Hi Patrick, I remember Janet Parker sadly passing away as when I started at Good Hope Hospital Sutton Coldfield the occupational nurse wouldn’t give me the Smallpox jab saying it was eradicated throughout the world & would save the NHS money. I reminded her of this when Janet died but never got the jab. Excellent piece of writing as usual. Love “Clotworthy” as a name.

Unknown said...

Hi Patrick,

April 2021 marks the 300th anniversary of the introduction of smallpox inoculation to England from Turkey by Lady Mary Wortley Montagu. The first step into preventative medicine in Western Europe, along a timeline that leads directly to the mass vaccination programme against Covid 19 in the UK today. Including at Lichfield Cathedral!
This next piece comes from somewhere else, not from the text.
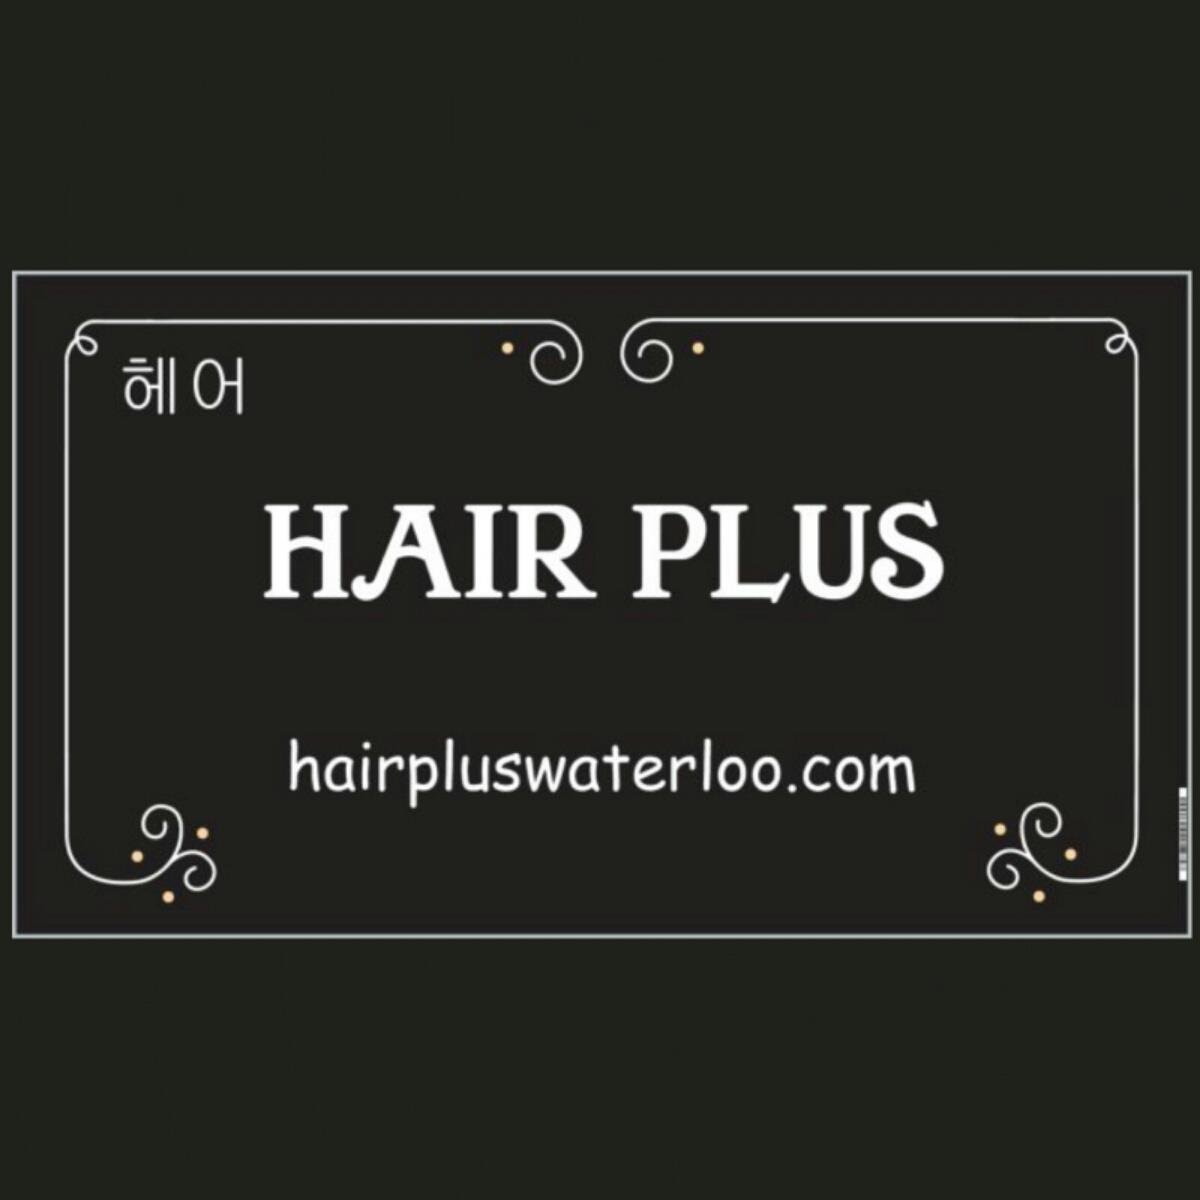 HAIR PLUS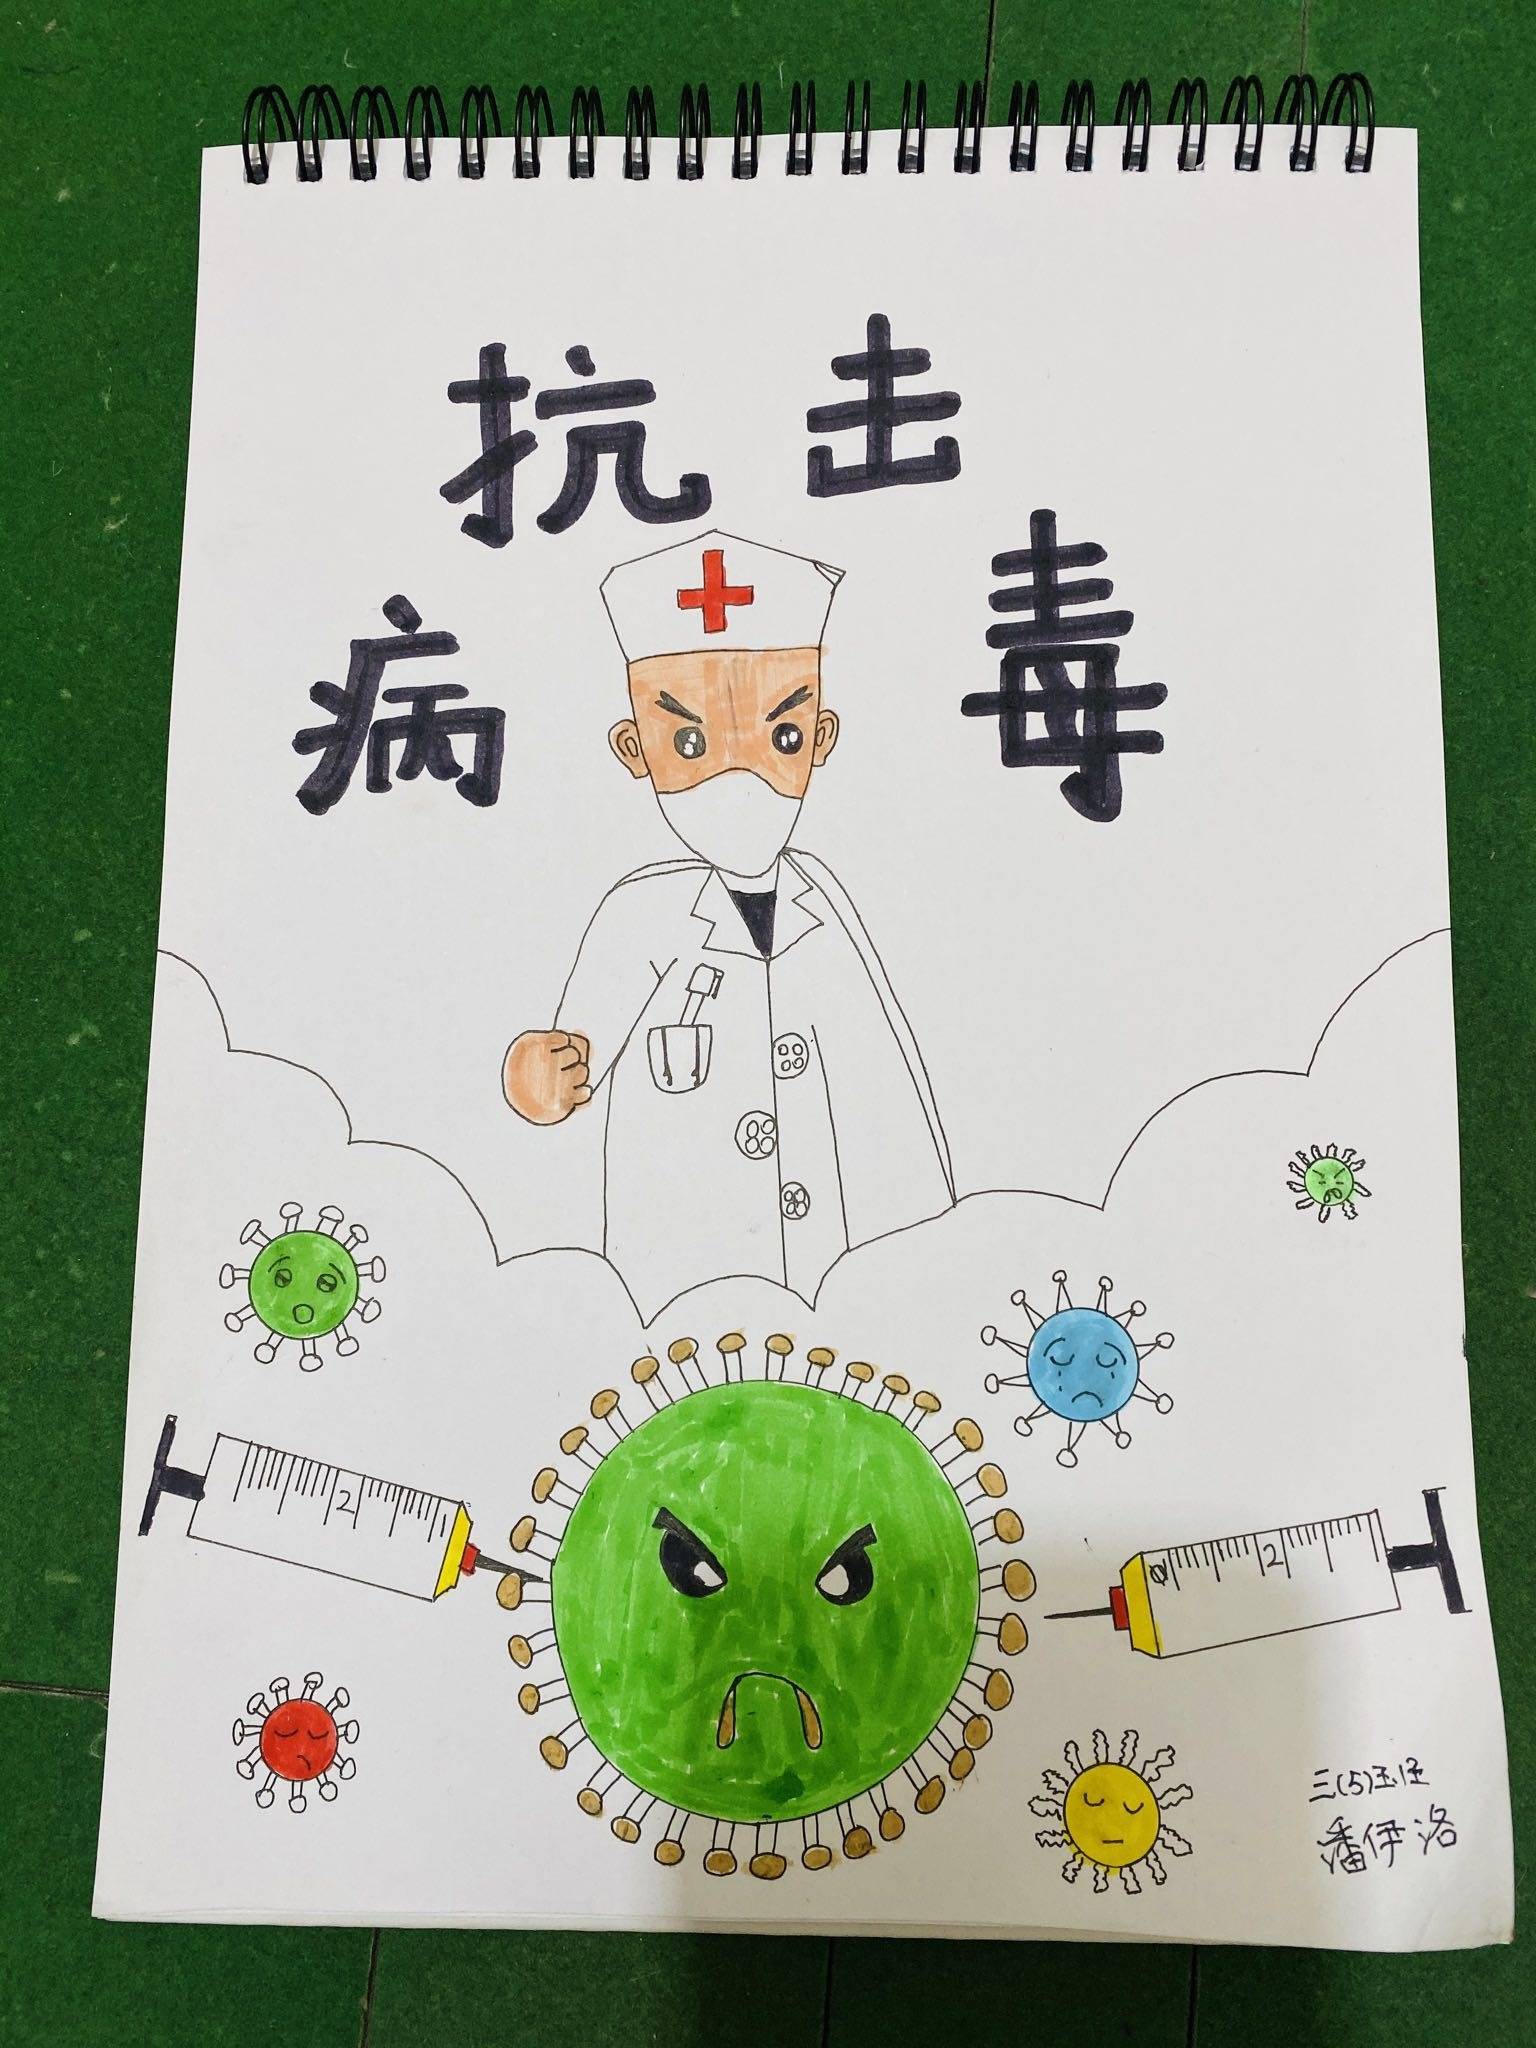 龙江实验学校三年级5班潘伊洛《抗击病毒》.jpg

Lady Mary's bravery in having her own daughter inoculated under the scrutiny of the Royal College of Physicians indeed caused a stir.Some felt that inoculation 'meddled with God's providence', other's questioned whether inoculation did indeed protect against natural smallpox. Some rejected the procedures Oriental folklore roots. Further experiments included the inoculation of 6 condemned prisoners from Newgate and foundling children from Westminster.

These experiments were petitioned for by Lady Mary and king George 1 daughter-in-law, Princess Caroline. However,they had to play down their involvement as they understood that a patriarchal society that did not recognize females capacity to 'reason' would be against adopting a scientific procedure advanced by women.

The success of these early inoculation experiments led Princess Caroline to have her own children inoculated. royal endorsement was the procedure spread like wildfire amongst the nobility of England.

Lady Mary was at first much criticized for subjecting her children to a deadly infection, accused of a dereliction of her role as a mother. When praise came it was in terms of her contribution in 'preserving beauty'rather than saving lives. Her intellect was described as 'masucline' rather than it be credited to belonging to her own gender.

I work as a Volunteer guide at Wentworth Castle Gardens in South Yorkshire where we have the only other monument to Lady Mary's pioneering achievement. Too few women are remembered to history for their contribution to science and medicine. We hope to restore Mary's reputation as a scientific pioneer and advocate of female equality here at the gardens in this the 3rd Centenary of her revolutionary achievement.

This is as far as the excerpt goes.